**DATASET EXCERPT:**
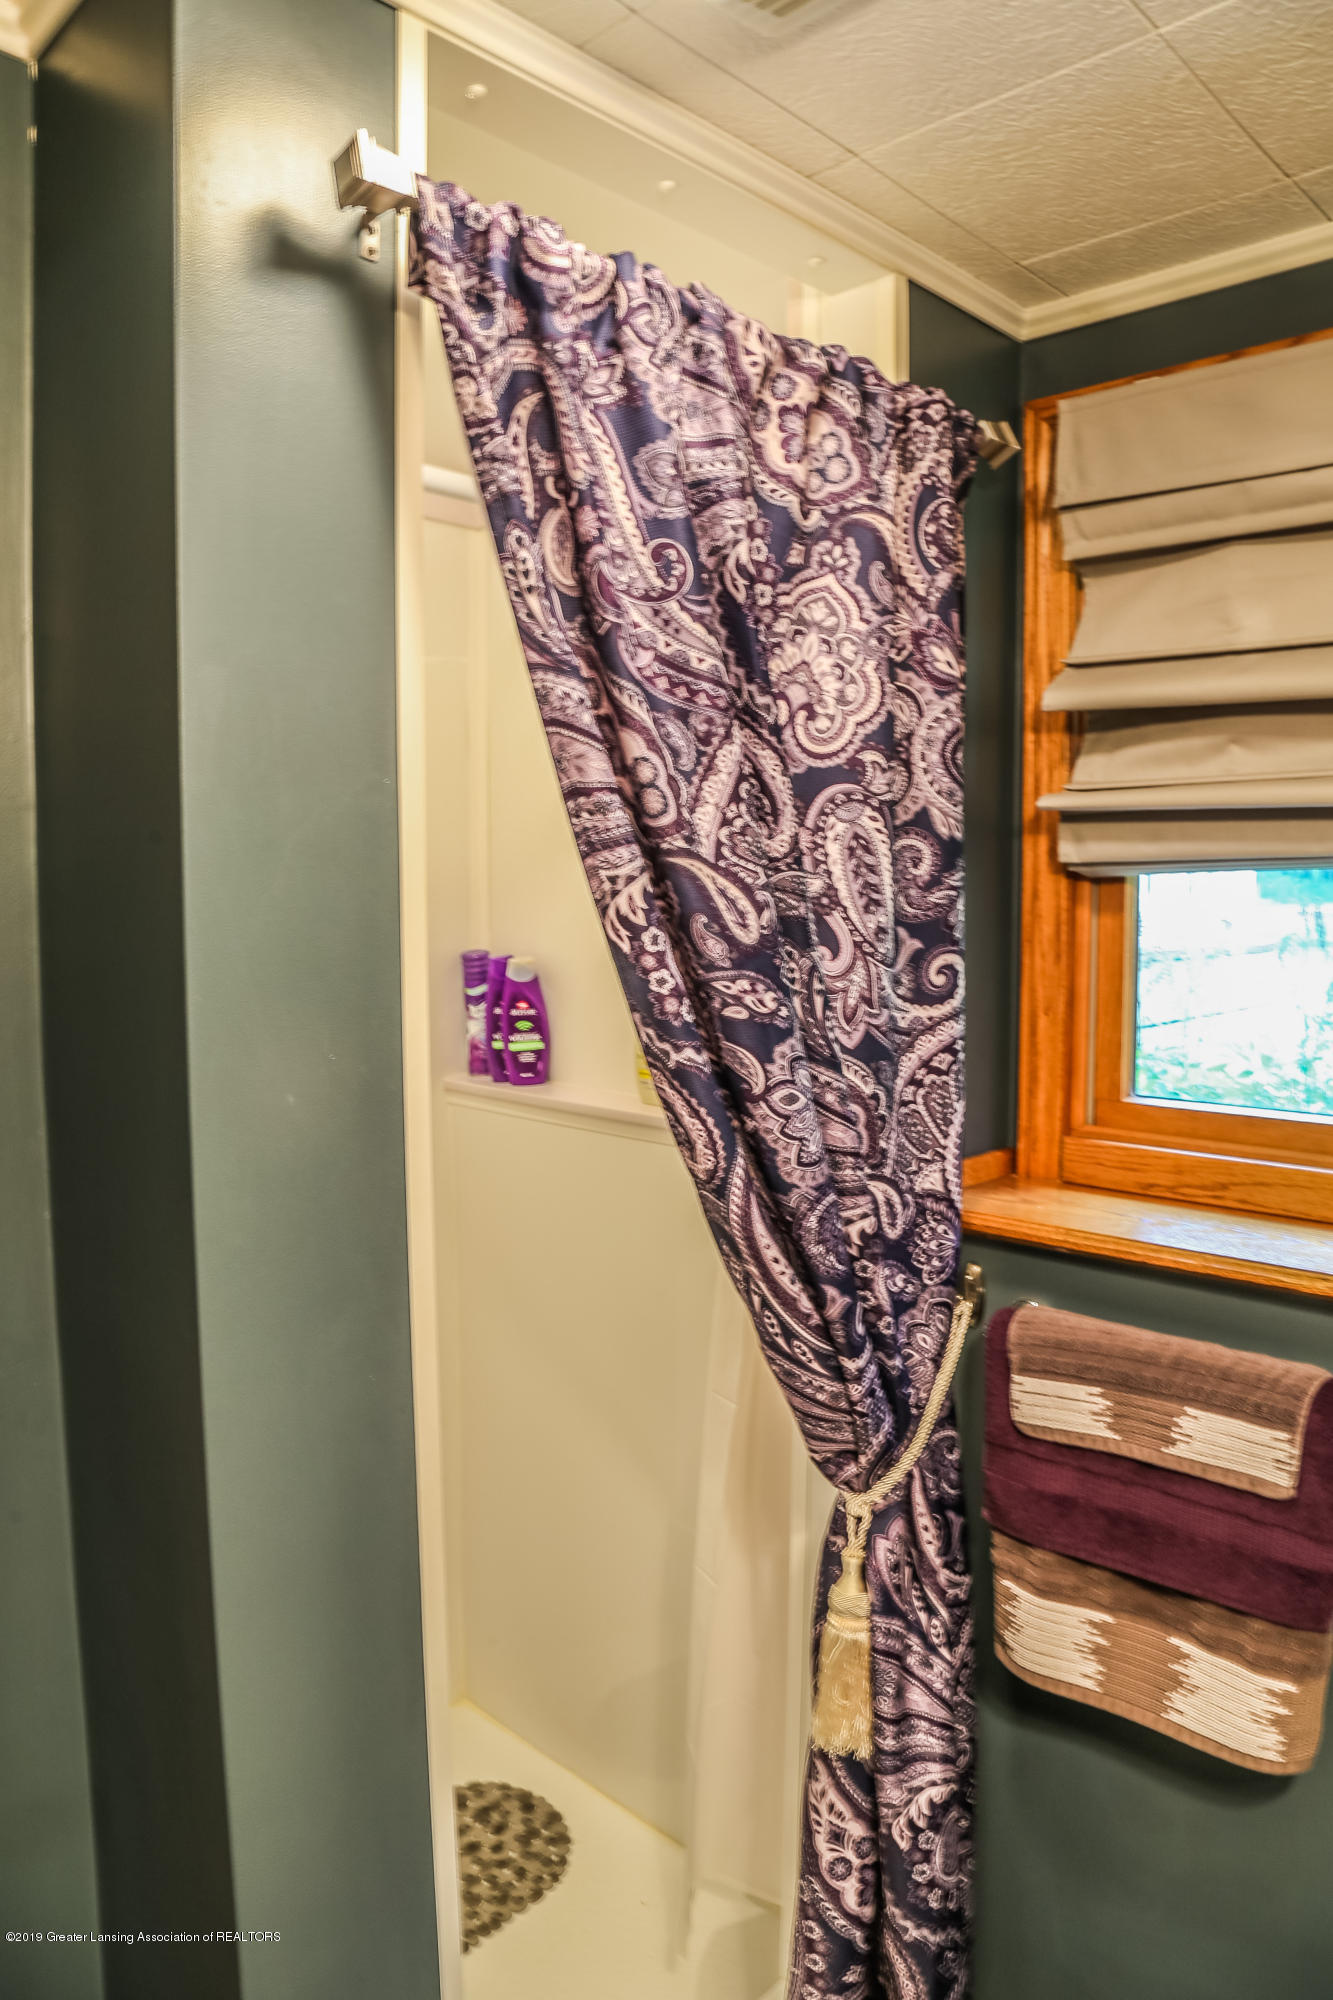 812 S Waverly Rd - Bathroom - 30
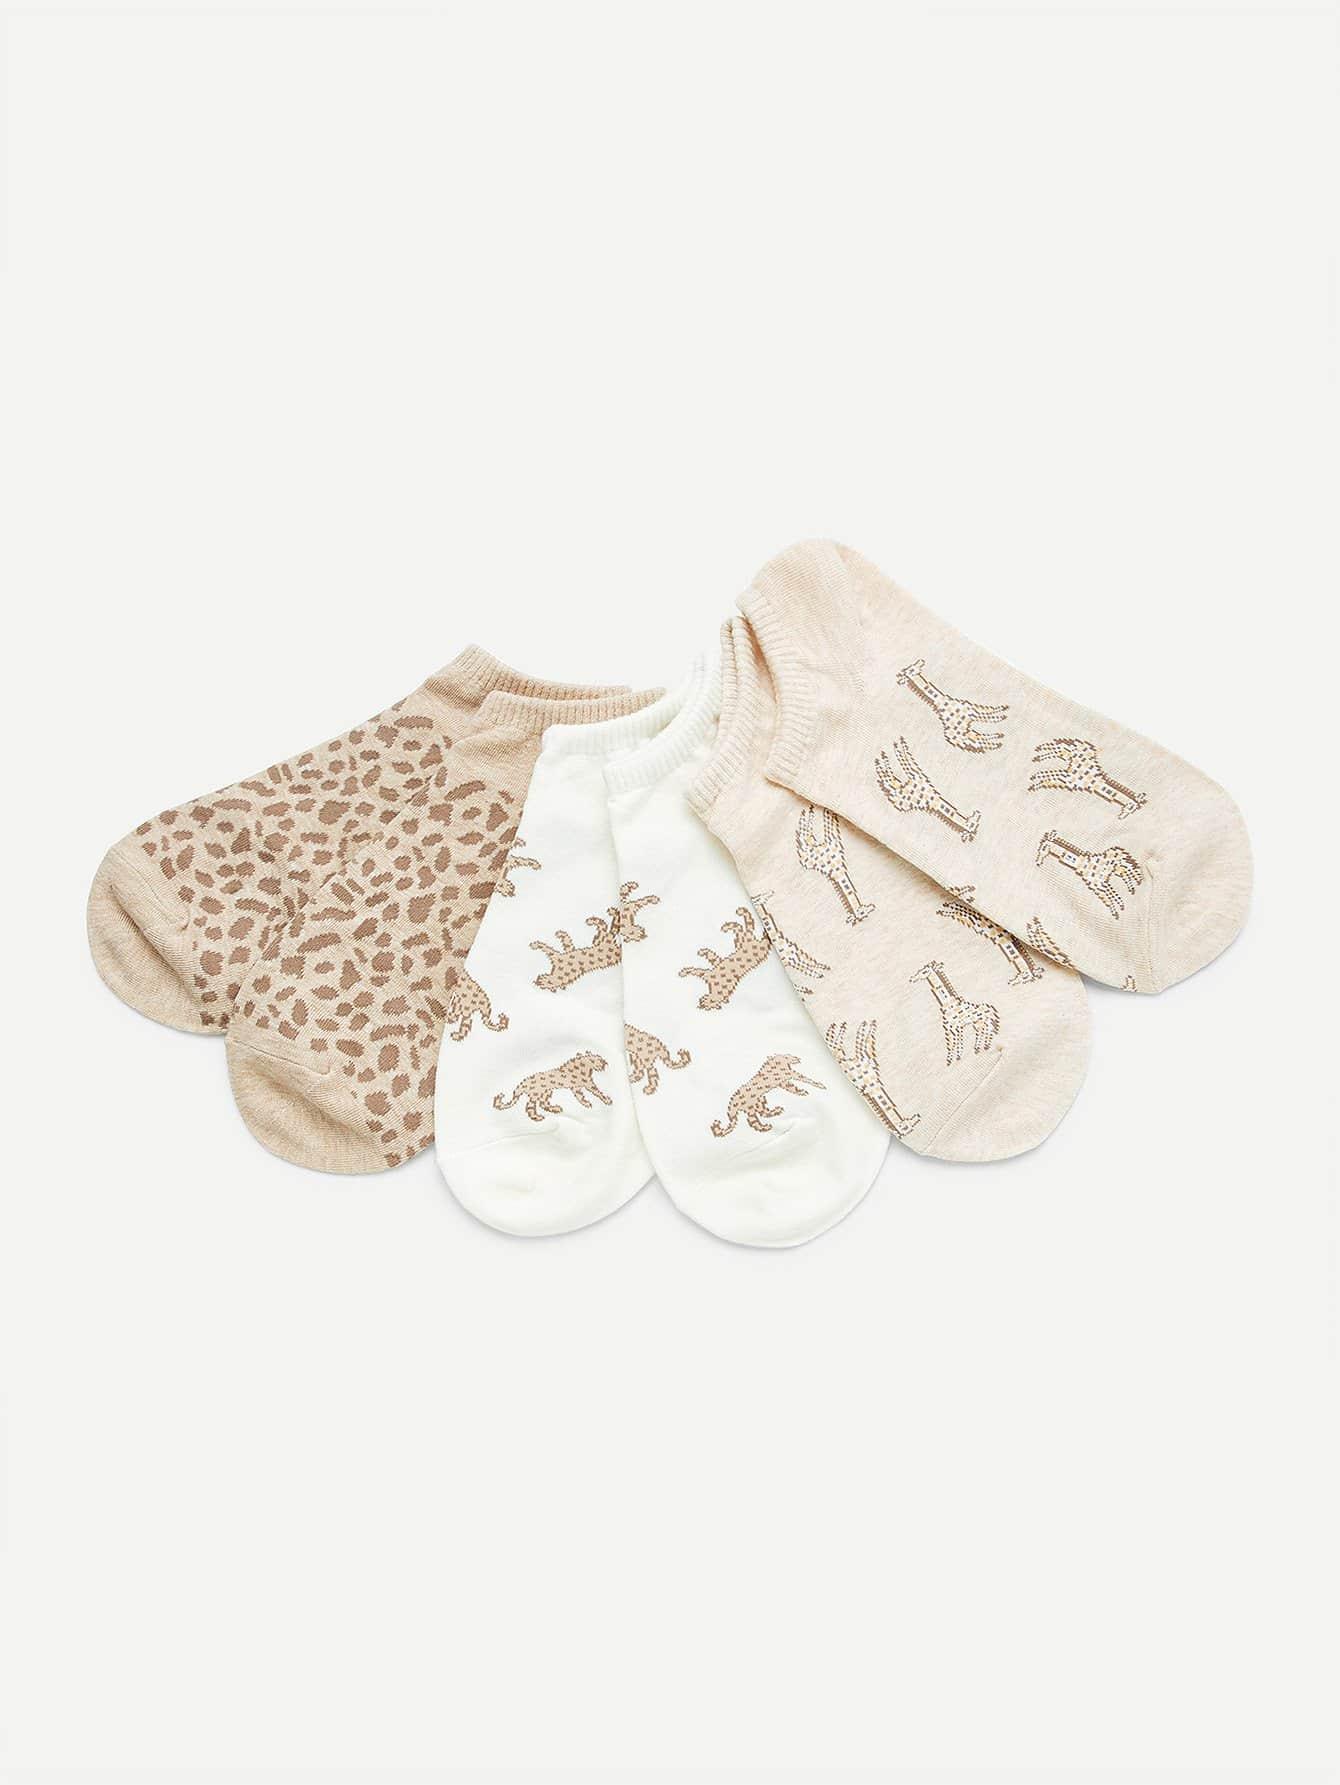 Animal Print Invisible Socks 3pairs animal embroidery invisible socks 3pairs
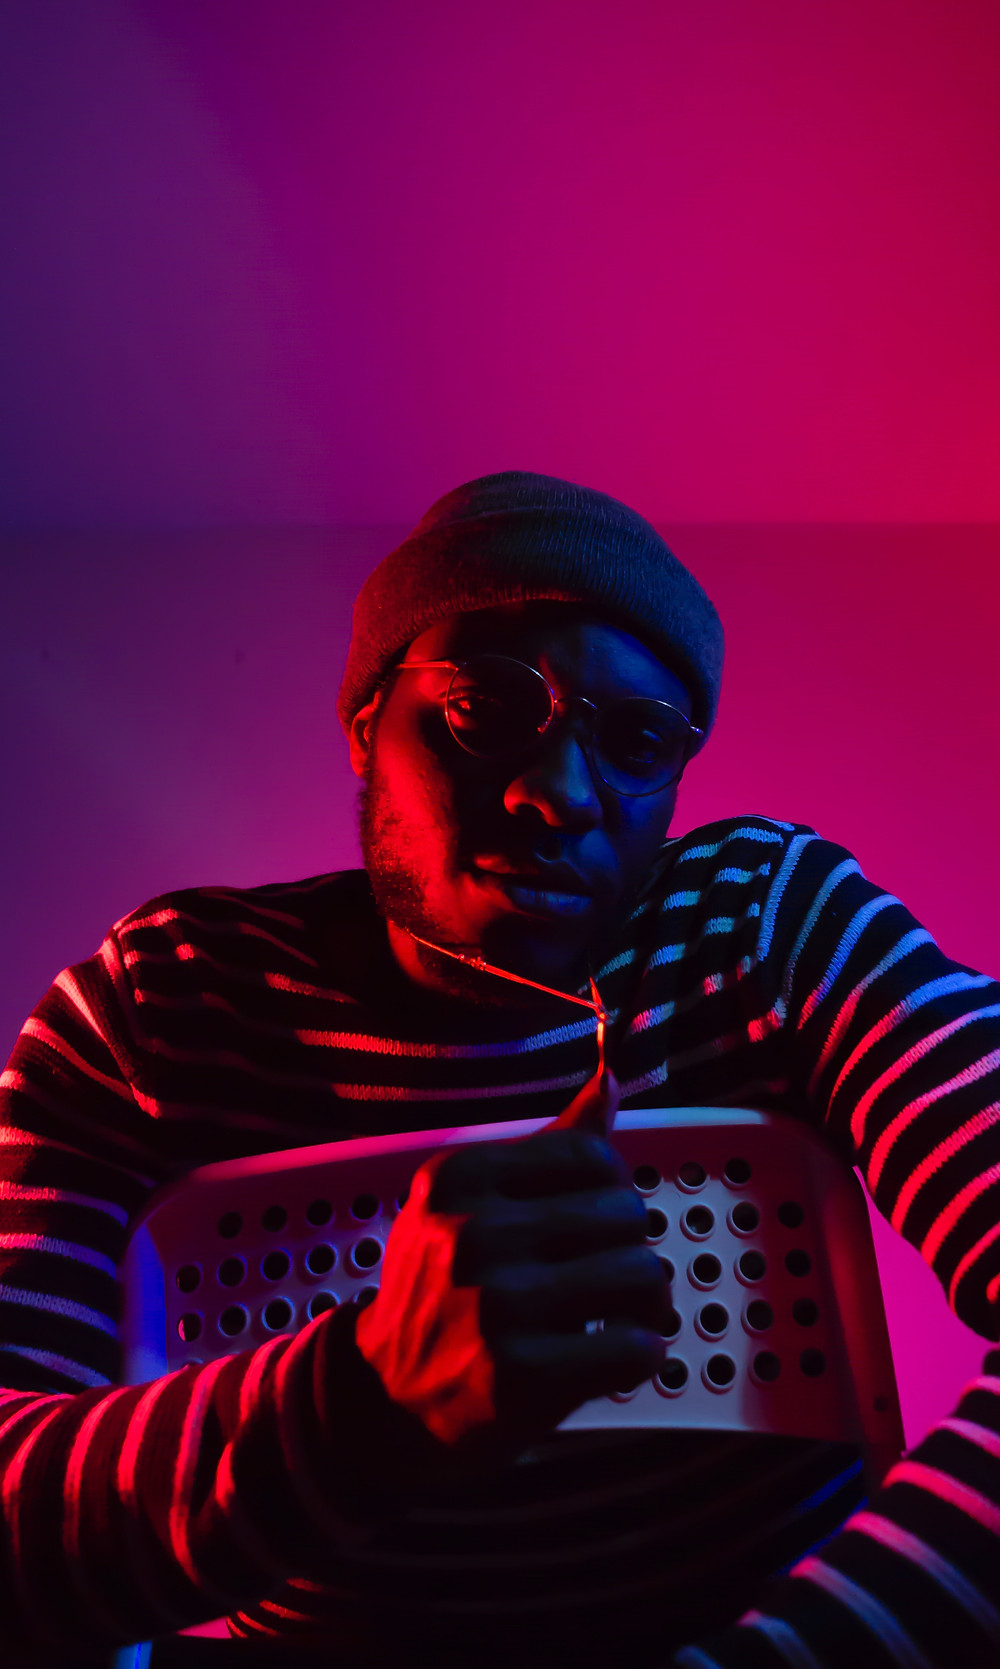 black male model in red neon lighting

**EXERCISE OBJECTIVE:** Everything in the listing should be copied exactly, apart from the images it holds.

**SOLUTION:**
 812 S Waverly Rd - Bathroom - 30
 Animal Print Invisible Socks 3pairs animal embroidery invisible socks 3pairs
 black male model in red neon lighting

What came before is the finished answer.